The “Brussels defect”, is a bug in a world that needs credible strategy instead
Call it the “Brussels defect”: the habit of treating market rules as a substitute for strategy. As Abe Newman recently coined it in the Financial Times, Europe’s regulatory reflex no longer matches a security-first world.
Over the past decade, fines became a cost of doing business, US platforms scaled regardless, and Europe’s technology base fell further behind. Rules without industrial capacity are muscle without sinew. The policy pivot is obvious but hard: shift from rule-setting to capacity-building. Digital sovereignty is, at bottom, industrial policy—fund it, scale it, export it.
EuroStack plans
Newman touts the emerging EuroStack plans. These proposals are a start, but skeletal. They mostly neglect two engines of US digital power: network effects—where scale compounds advantage—and deep capital markets that finance ecosystems, not just firms.
The current EuroStack plans talks about federation and open source a lot. Yes. It can play a role in parts of the stack (particularly the back end), but they are not a growth model on their own. Part of the problem then is a suspicion of large centralised European players - European “Big Tech” if you will.

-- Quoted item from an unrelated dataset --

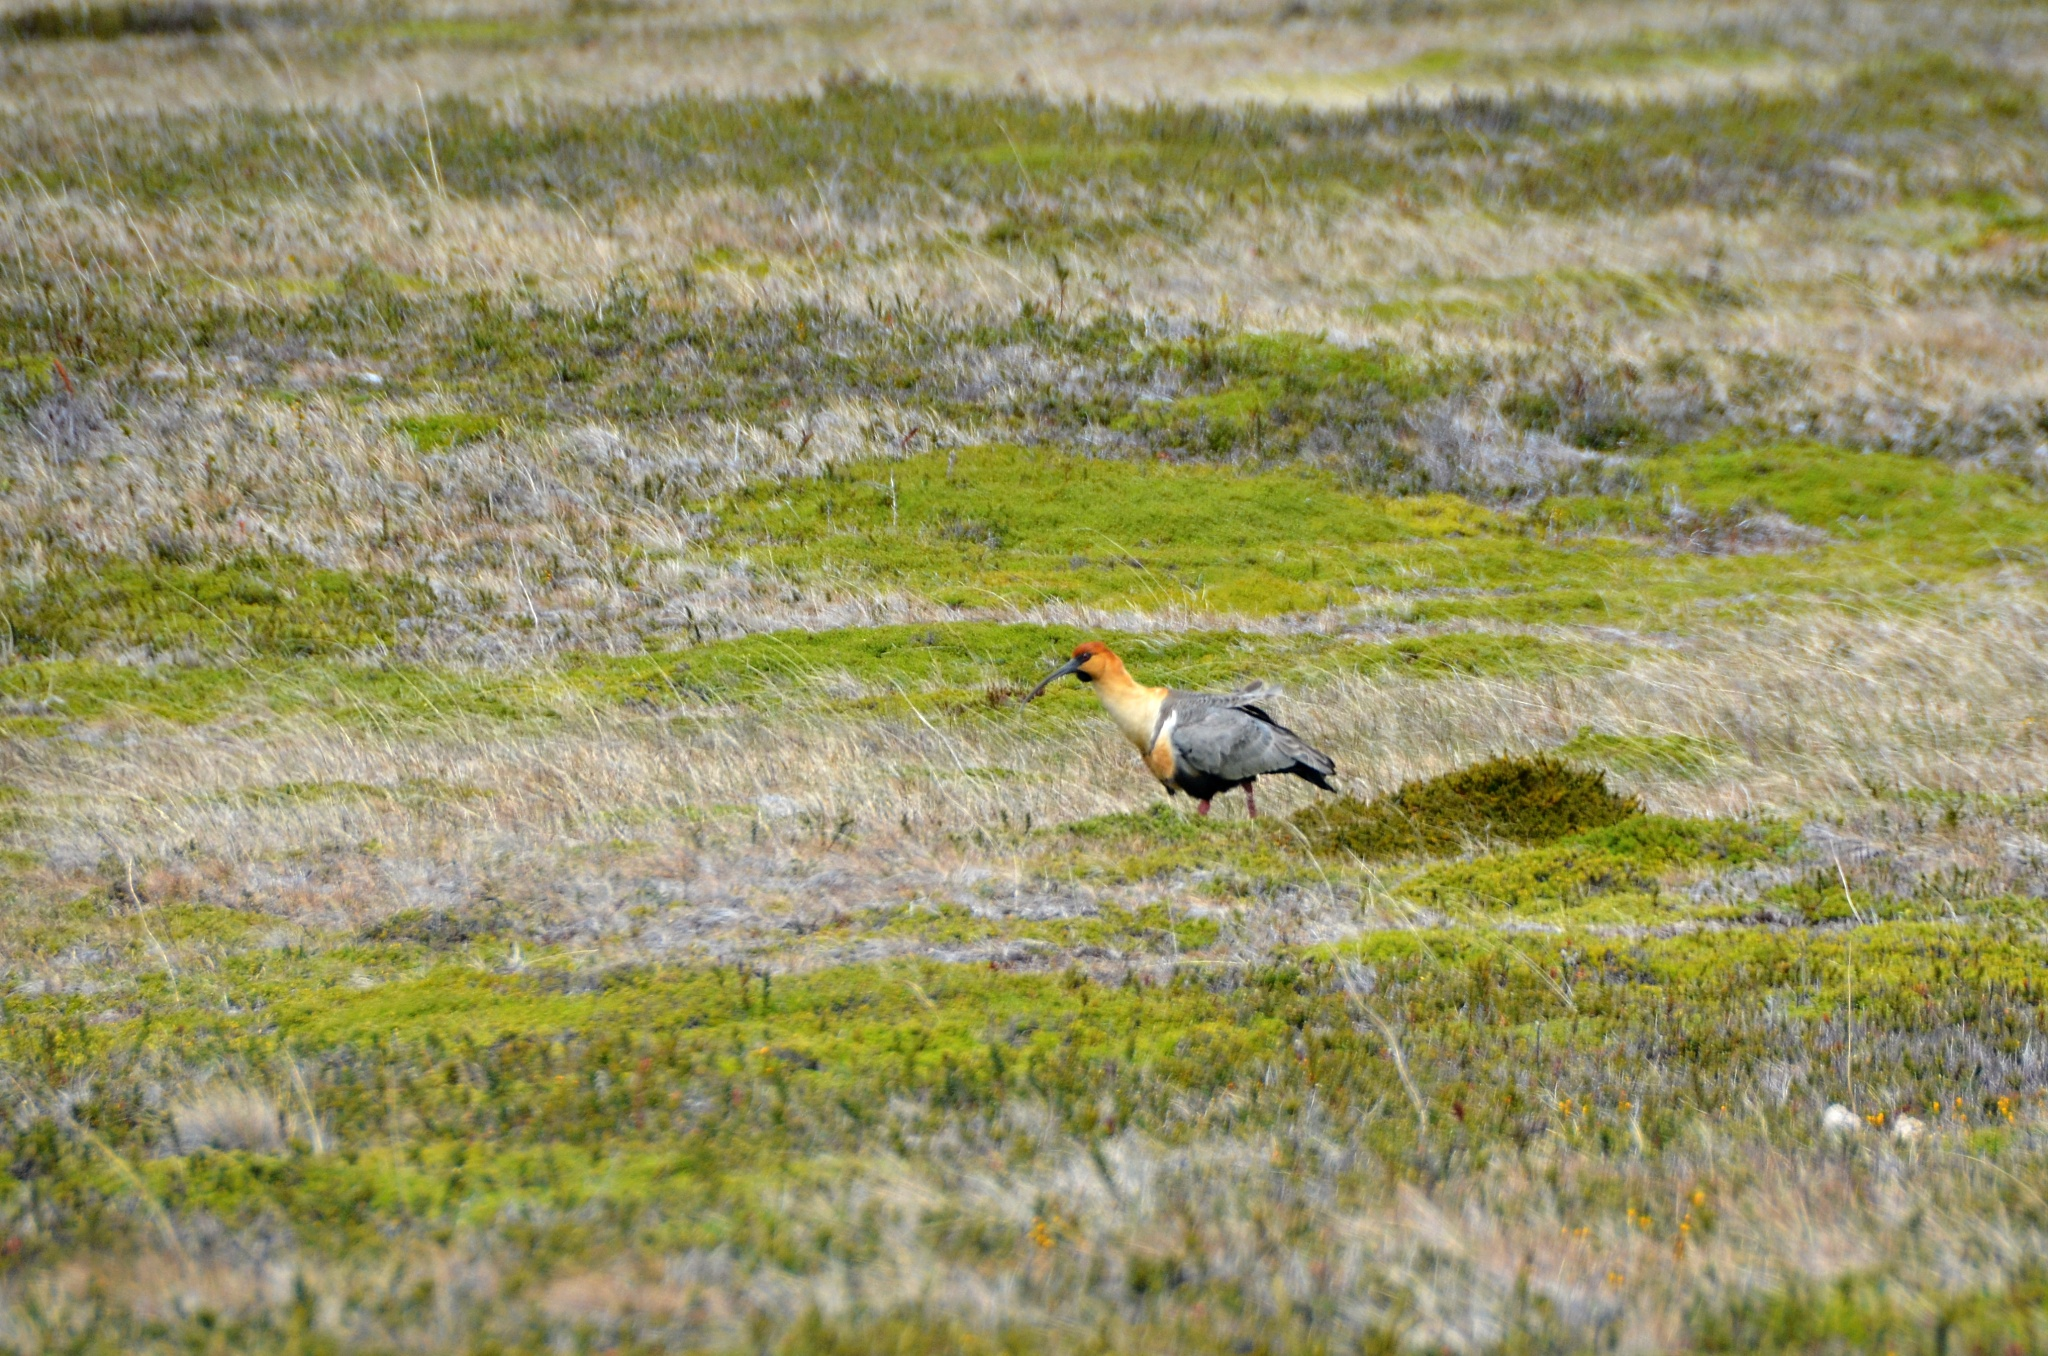 Žlutočerný Ibis šedokřídlý (Theristicus melanopis) s dlouhým zobákem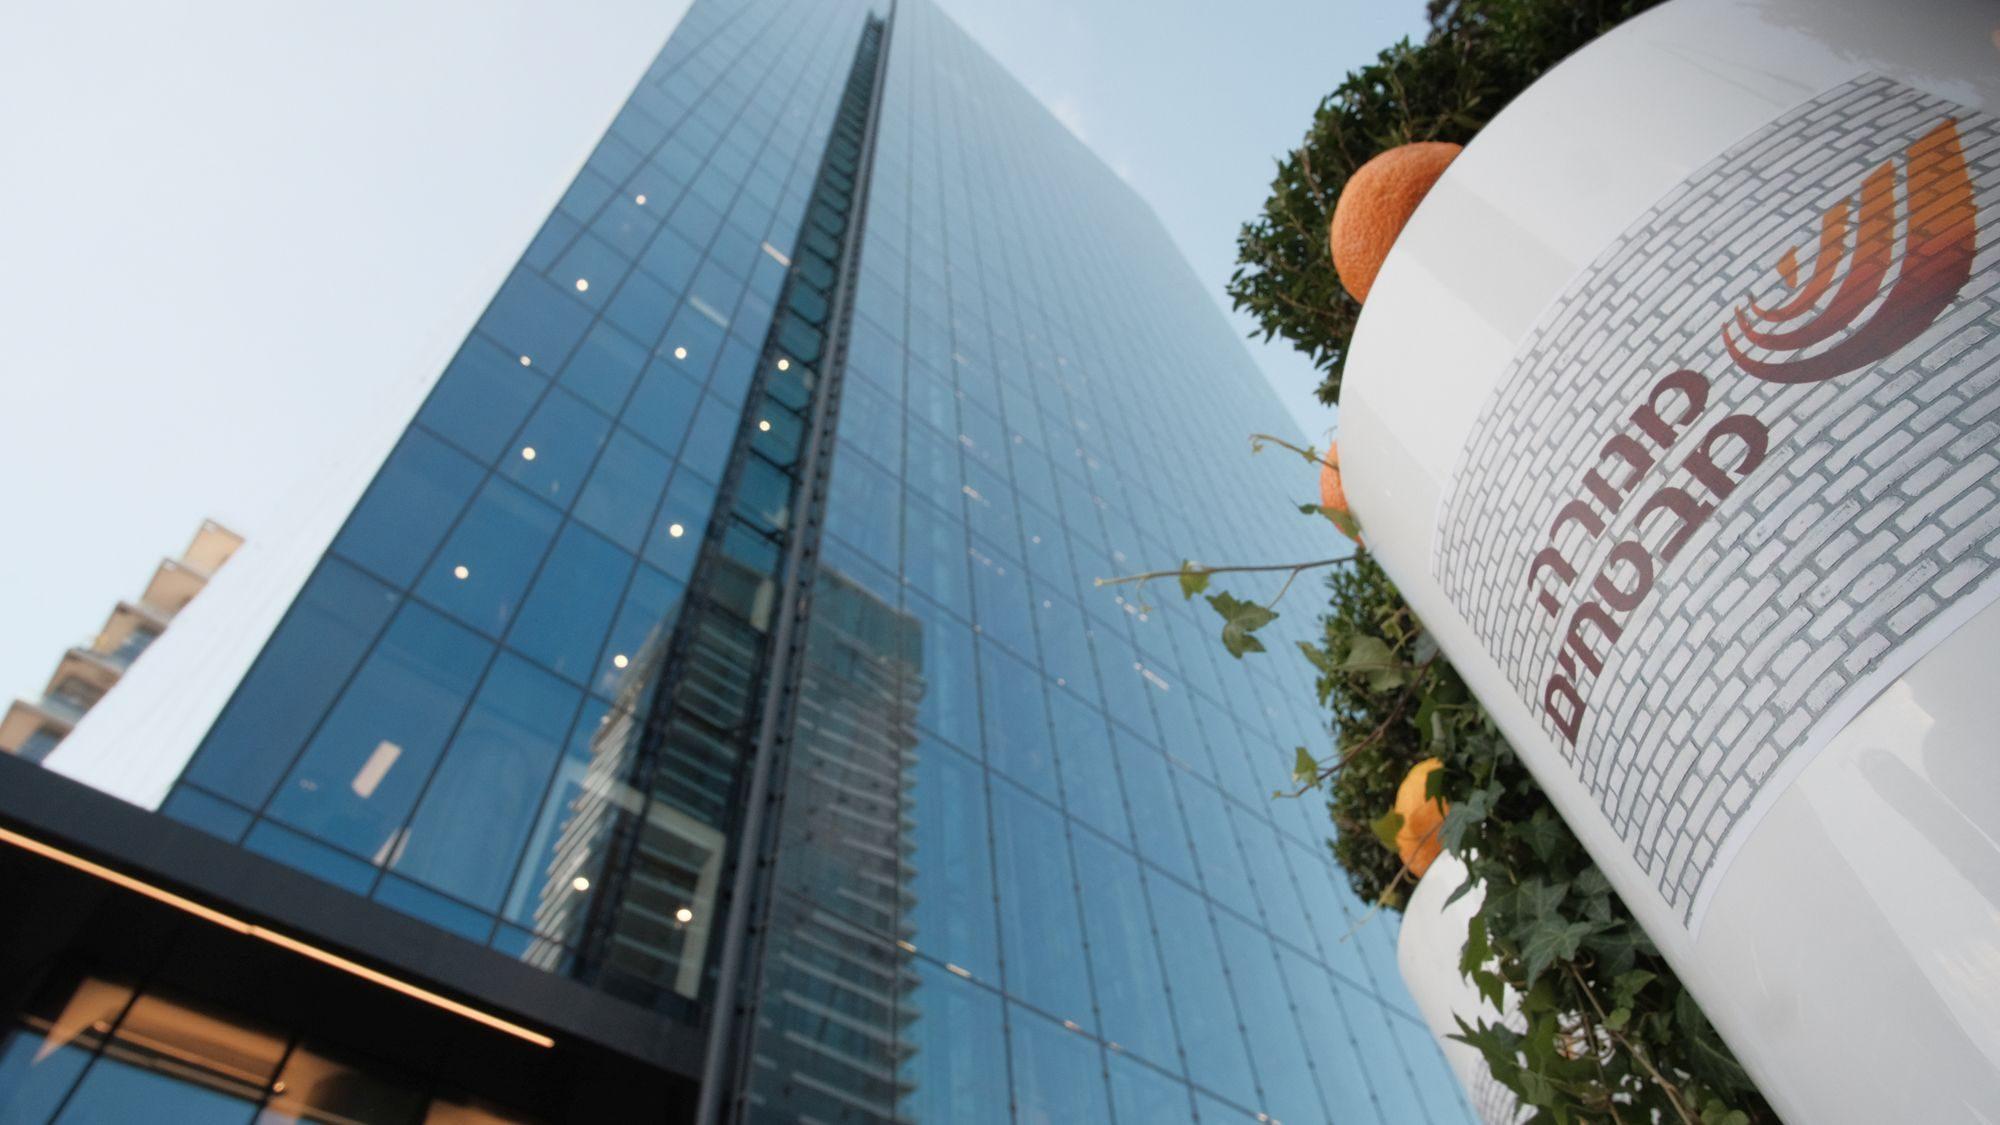 מנורה מבטחים תשווק פוליסת ביטוח מקיף גם לנהגים עם שתי תביעות

But Europe will likely need a mix that also includes centralized, proprietary champions in targeted layers, precisely so capital markets can do their work of aggregation, IPOs, and follow-on financing.
Both innovation and capital markets tend to cluster in specific geographies. But European member states jealously guard what they have and fight any such clustering elsewhere.
Fragmentation is the perennial European problem. The most crucial first step is then is political –– choosing to be European first.